There are also more practical considerations surrounding the debate over sustainable development. Some people might be interested in having a greater impact on the world through development projects, micro-credit, or volunteering. Is sustainable development helpful? Can the concept help individuals seeking to improve our world (or at least trying)? Does it help ensure that their efforts are beneficial and not perverted by opposing interests and processes?
It is also worth considering whether sustainable development might not be better thought of as an analytical framing: as a way of pulling apart problems or projects in order to better understand or assess their impact on ecological sustainability, development, or economics? Is sustainable development an analytical tool for making sense of ‘wicked’ problems?
In this subject we will review the history of sustainable development, which draws together literature from Geography, Sociology, Engineering, Psychology, Economics, and the Sciences. We will explore critiques of sustainable development, and force ourselves to consider whether it is possible, practical, or even useful in the ‘real world’. We will explore several key challenges, using sustainable development as a lens or framing.

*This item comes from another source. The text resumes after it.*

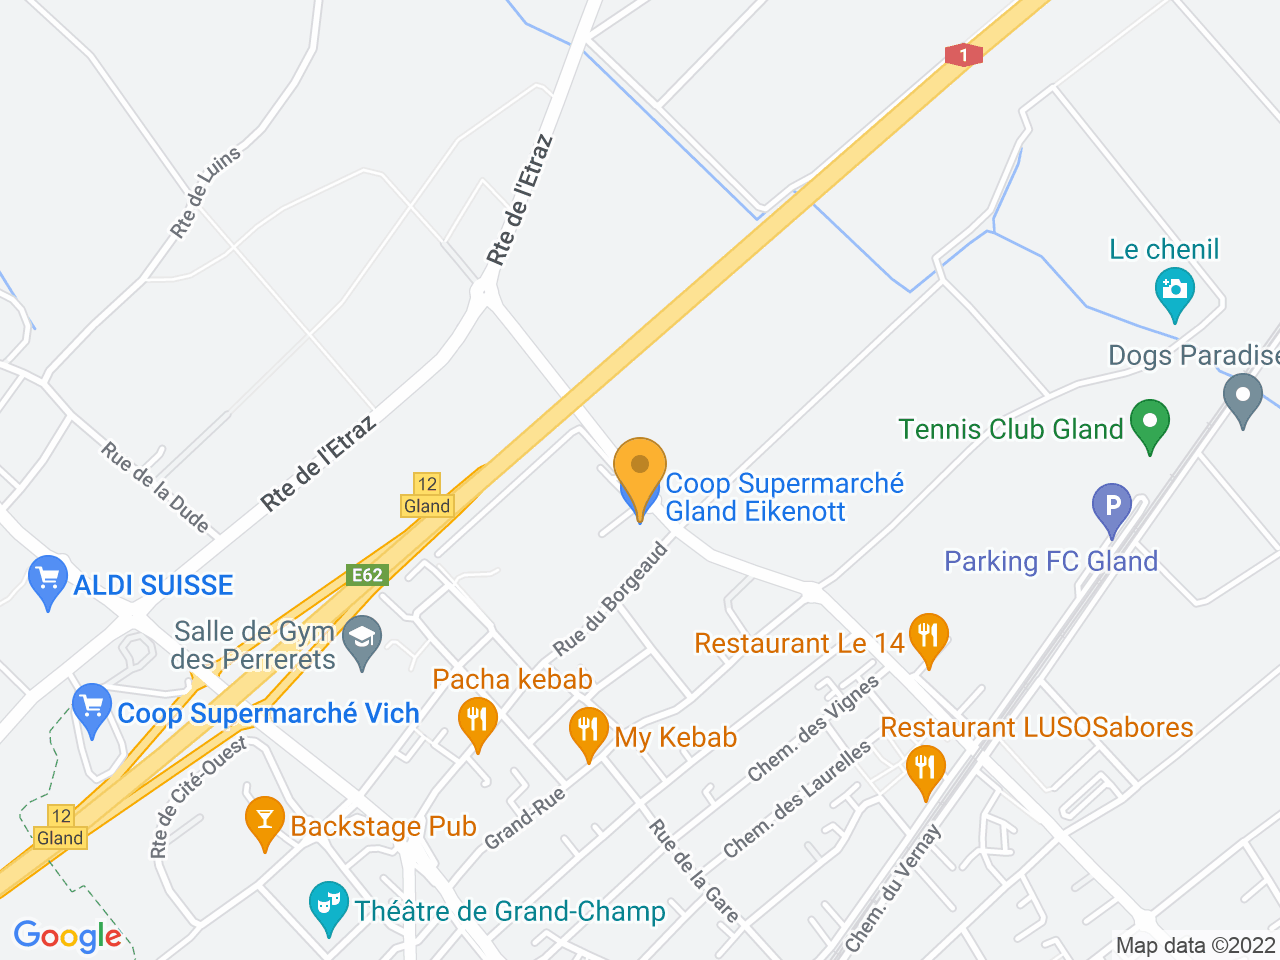 Allée du Communet 20, 1196 Gland

And finally and most creatively, we will attempt to reinterpret sustainable development in a world of growing inequality.
For more information see: http://briansresearch.wordpress.com/teaching/sustainable-development/
Intended learning outcomes
On completion of this subject students will:
- understand and be able to compare a range of theories related to sustainable development;
- be able to apply numerous methods designed to critically engage with debates over sustainable development;
- be familiar with different framings of sustainable development;
- be able to synthesise competing interpretations and debates;
- be aware of the complex processes and issues that are incorporated into debates and controversies of sustainable development;
Generic skills
Students who have completed this subject will:
- be capable of thinking critically about issues relating to sustainable development;
- be capable of developing a conceptual framework appropriate to understanding and interpreting problems relating to sustainability;
- be able to learn research skills appropriate to understanding and interpreting issues and problems of sustainable development;
- be able to write coherent and well-researched essays;
- be capable of engaging in effective oral presentations.